Note: Prebuilt wheels include compiled Tree-sitter grammars for common languages (Python, JavaScript, Rust, C, C++), so no local compilation is required for basic usage.

No Local Builds Required

Starting with version 1.0.7+, treesitter-chunker wheels include precompiled Tree-sitter grammars for common languages. This means:

  • Immediate Use: No C compiler or build tools required for basic languages
  • Faster Installation: Wheels install instantly without compilation
  • Consistent Performance: Same grammar versions across all installations
  • Offline Capable: Works without internet access after installation

Supported Languages in Prebuilt Wheels:

  • Python, JavaScript, TypeScript, JSX, TSX
  • C, C++, Rust
  • Additional languages can be built on-demand if needed

🌍 Language Support Matrix

LanguageStatusPluginAuto-DownloadPrebuilt
Python✅ Production✅ Built-in✅ Available✅ Included
JavaScript/TypeScript✅ Production✅ Built-in✅ Available✅ Included
Rust✅ Production✅ Built-in✅ Available✅ Included
C/C++✅ Production✅ Built-in✅ Available✅ Included
Go✅ Production✅ Built-in✅ Available🔧 Buildable
Java✅ Production✅ Built-in✅ Available🔧 Buildable
Ruby✅ Production✅ Built-in✅ Available🔧 Buildable
PHP✅ Production✅ Built-in✅ Available🔧 Buildable
C#✅ Production✅ Built-in✅ Available🔧 Buildable
Swift✅ Production✅ Built-in✅ Available🔧 Buildable
Kotlin✅ Production✅ Built-in✅ Available🔧 Buildable
+ 26 more✅ Production✅ Built-in✅ Available🔧 Buildable

Legend: ✅ Production Ready, 🔧 Buildable on-demand, 🚧 Experimental

For Advanced Usage: If you need languages not included in prebuilt wheels, the package can still build them locally using the same build system used during wheel creation.

For Other Languages

See Cross-Language Usage Guide for using from JavaScript, Go, Ruby, etc.

Using Docker

docker pull ghcr.io/consiliency/treesitter-chunker:latest
docker run -v $(pwd):/workspace treesitter-chunker chunk /workspace/example.py -l python

Using Homebrew (macOS/Linux)

brew tap consiliency/treesitter-chunker
brew install treesitter-chunker

For Debian/Ubuntu

# Download .deb package from releases
sudo dpkg -i python3-treesitter-chunker_1.0.0-1_all.deb

For Fedora/RHEL

# Download .rpm package from releases
sudo rpm -i python-treesitter-chunker-1.0.0-1.noarch.rpm

Quick Install (Development)

# Clone the repository
git clone https://github.com/Consiliency/treesitter-chunker.git
cd treesitter-chunker

# Install with uv (recommended)
uv venv
source .venv/bin/activate  # On Windows: .venv\Scripts\activate
uv pip install -e ".[dev]"
uv pip install git+https://github.com/tree-sitter/py-tree-sitter.git

# Build language grammars
python scripts/fetch_grammars.py
python scripts/build_lib.py

# Verify installation
python -c "from chunker.parser import list_languages; print(list_languages())"
# Output: ['c', 'cpp', 'javascript', 'python', 'rust']

Grammar Setup

Tree-sitter Chunker requires compiled grammar libraries for parsing. Prebuilt wheels include common languages (Python, JavaScript, Rust), but you can set up additional grammars using the CLI.

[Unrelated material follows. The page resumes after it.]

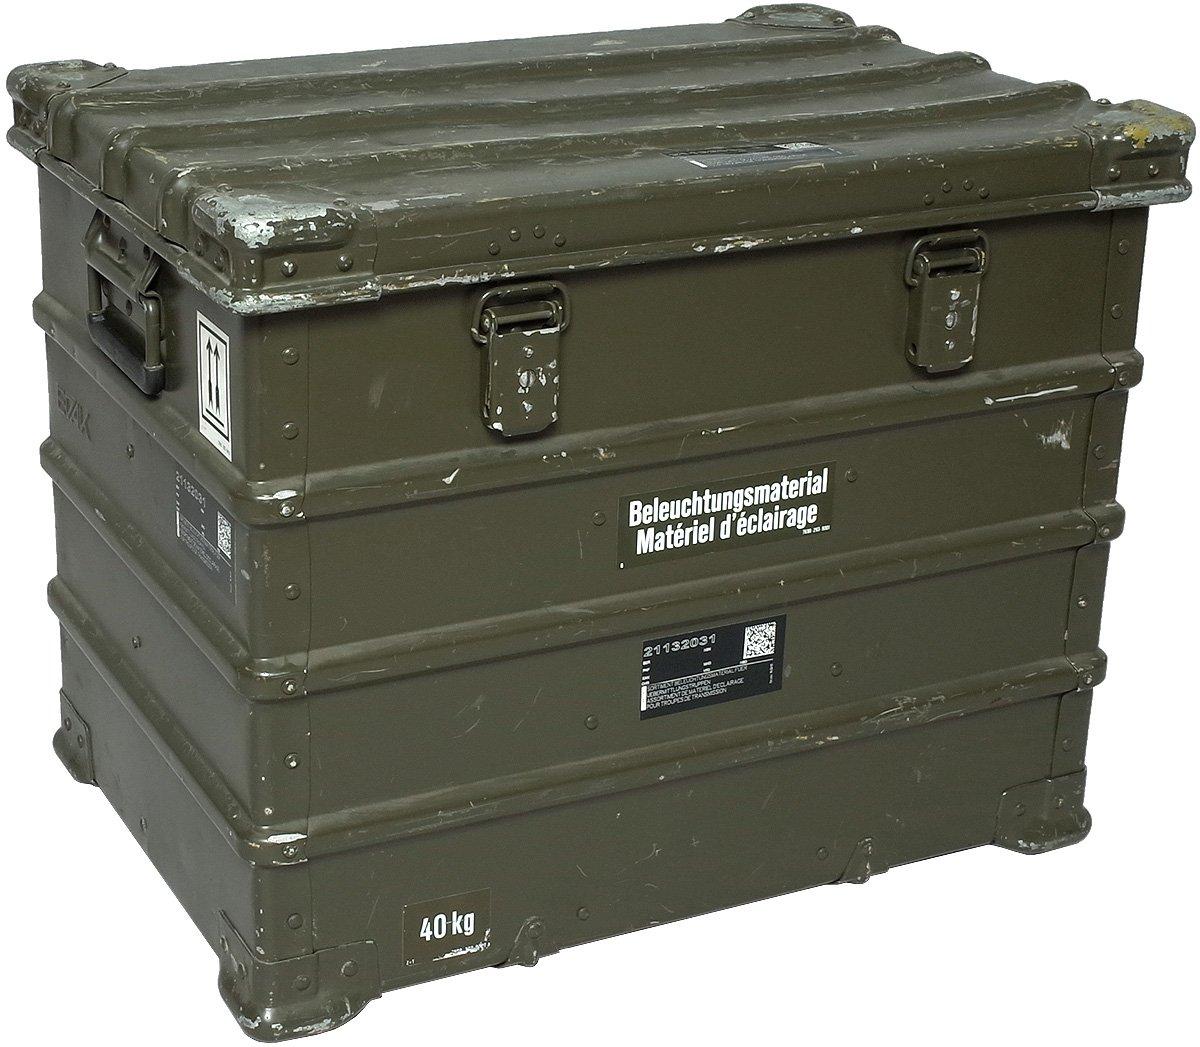 スイス軍 A10 アルミコンテナ USED B075H7KD3V

# Set up default languages (python, javascript, rust)
treesitter-chunker setup grammars

# Set up specific languages
treesitter-chunker setup grammars python go java typescript

# Set up all extended languages (10 common languages)
treesitter-chunker setup grammars --all

# Check setup status
treesitter-chunker setup status

# List all available grammars
treesitter-chunker setup list-available

# Clean up grammar files
treesitter-chunker setup clean --builds  # Remove built libraries only
treesitter-chunker setup clean --all     # Remove sources and builds

Environment Configuration

You can customize where grammars are stored:

# Set custom build directory (persists across installations)
export CHUNKER_GRAMMAR_BUILD_DIR="$HOME/.cache/treesitter-chunker/build"

Programmatic Setup

For advanced use cases, you can set up grammars programmatically:

from pathlib import Path
from chunker.grammar.manager import TreeSitterGrammarManager

cache = Path.home() / ".cache" / "treesitter-chunker"
gm = TreeSitterGrammarManager(grammars_dir=cache / "grammars", build_dir=cache / "build")
gm.add_grammar("python", "https://github.com/tree-sitter/tree-sitter-python")
gm.fetch_grammar("python")
gm.build_grammar("python")

Requirements for Building Grammars

Building grammars from source requires:

  • C compiler (gcc, clang, or MSVC)
  • Git (for fetching grammar sources)
  • Python development headers (usually included with Python installation)

🚀 Quick Start

Python Usage

from chunker import chunk_file, chunk_text, chunk_directory

# Extract chunks from a Python file
chunks = chunk_file("example.py", "python")

# Or chunk text directly
chunks = chunk_text(code_string, "javascript")

for chunk in chunks:
    print(f"{chunk.node_type} at lines {chunk.start_line}-{chunk.end_line}")
    print(f"  Context: {chunk.parent_context or 'module level'}")

Incremental Processing

Efficiently detect changes after edits and update only what changed:

from chunker import DefaultIncrementalProcessor, chunk_file
from pathlib import Path

processor = DefaultIncrementalProcessor()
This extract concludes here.